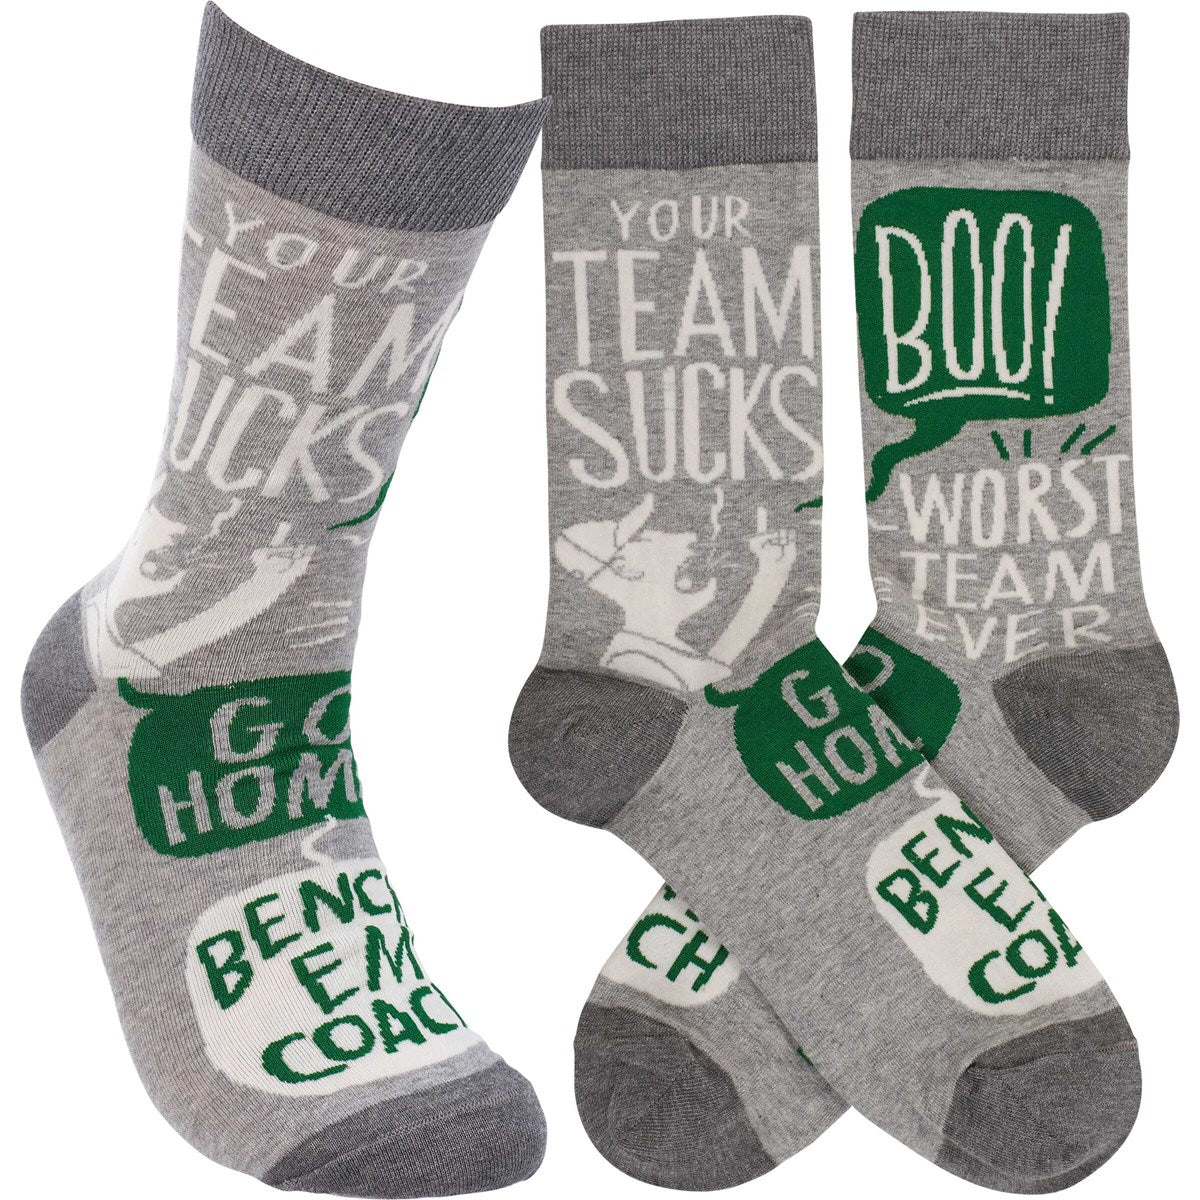 Your Team Sucks Go Home Fun Novelty Socks
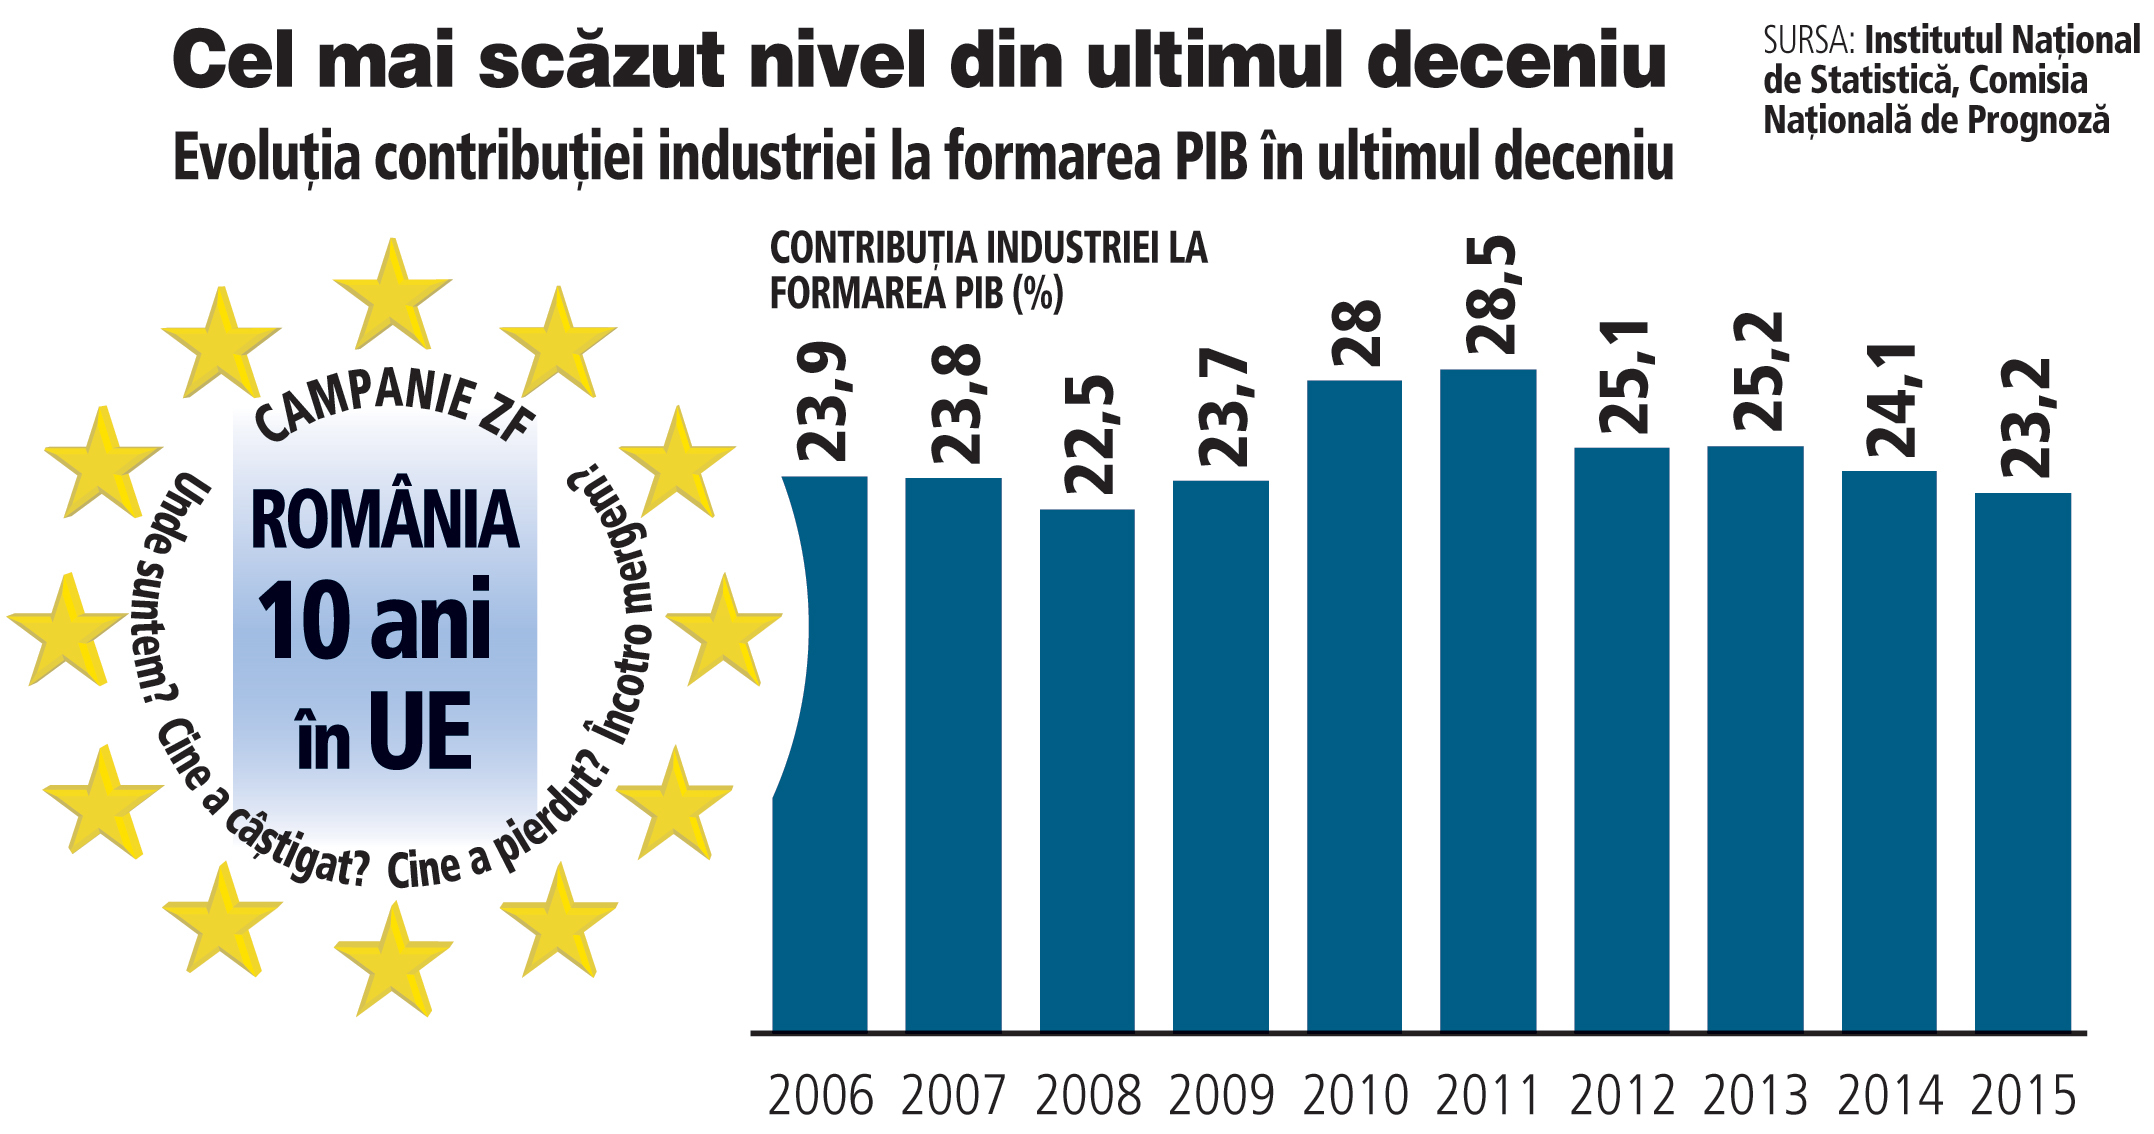 ZF 10 ani de la aderarea la UE. Contribuţia industriei la formarea PIB a ajuns la 23%, cel mai scăzut nivel din ultimii şapte ani şi la jumătate faţă de anul 1989
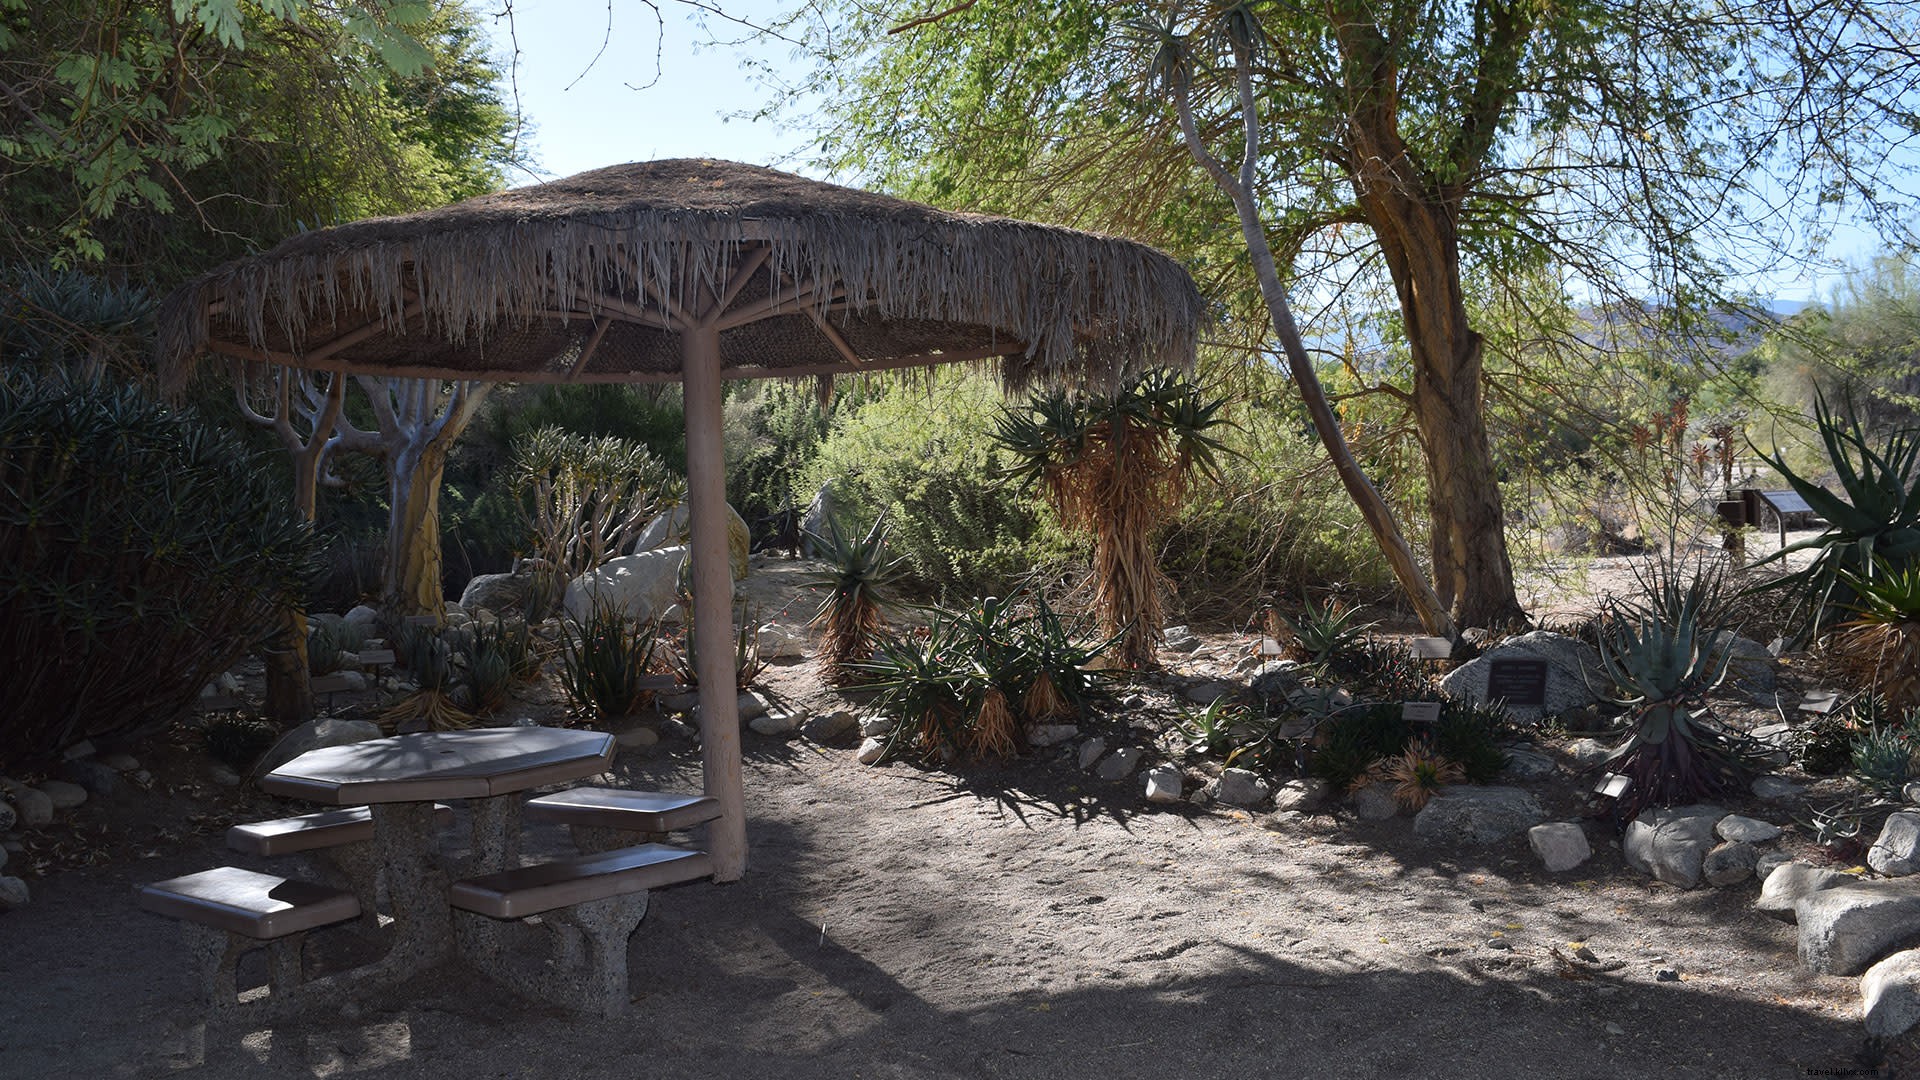 Ótimos lugares para fazer um piquenique e explorar em Greater Palm Springs 
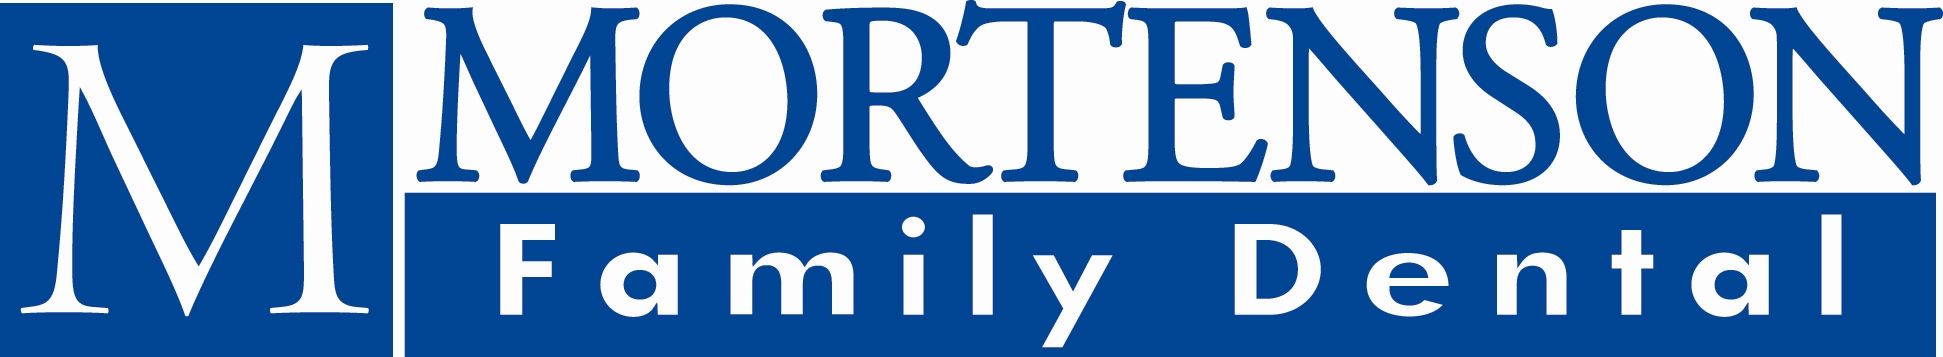 Mortenson Family Dental Company Logo
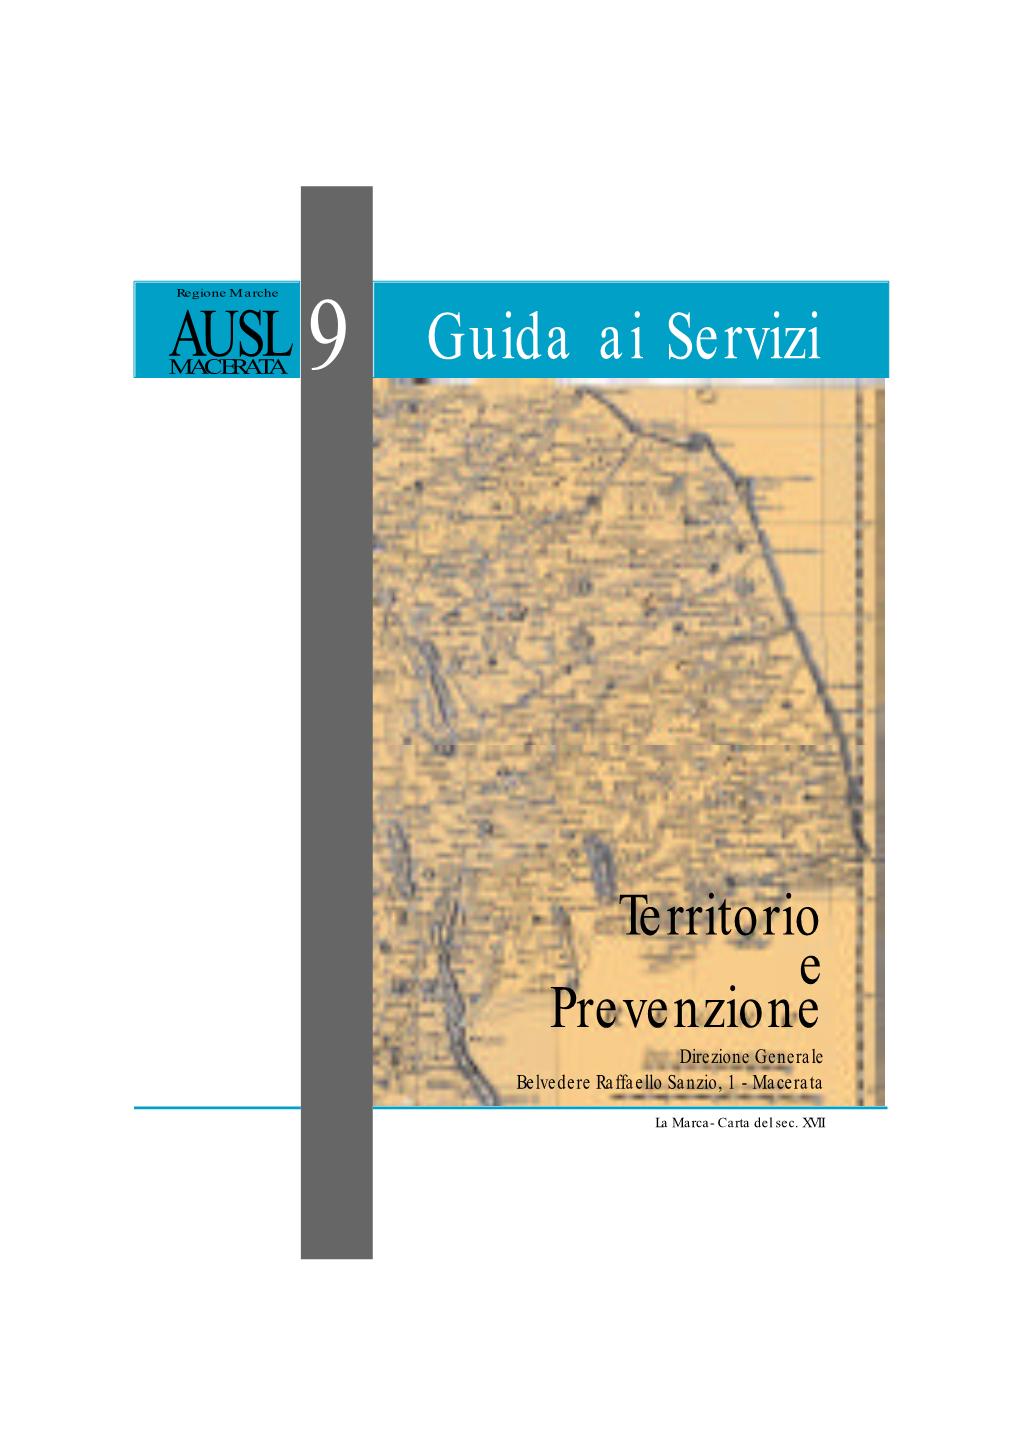 Territorio E Prevenzione Direzione Generale Belvedere Raffaello Sanzio, 1 - Macerata
____________________
# [THE TASK]
Could the entries above be copied out exactly, with no pictures included?

# [ANSWER FOR THIS EXERCISE]
 Your Team Sucks Go Home Fun Novelty Socks
 ZF 10 ani de la aderarea la UE. Contribuţia industriei la formarea PIB a ajuns la 23%, cel mai scăzut nivel din ultimii şapte ani şi la jumătate faţă de anul 1989
 Ótimos lugares para fazer um piquenique e explorar em Greater Palm Springs 
 Mortenson Family Dental Company Logo
 Territorio E Prevenzione Direzione Generale Belvedere Raffaello Sanzio, 1 - Macerata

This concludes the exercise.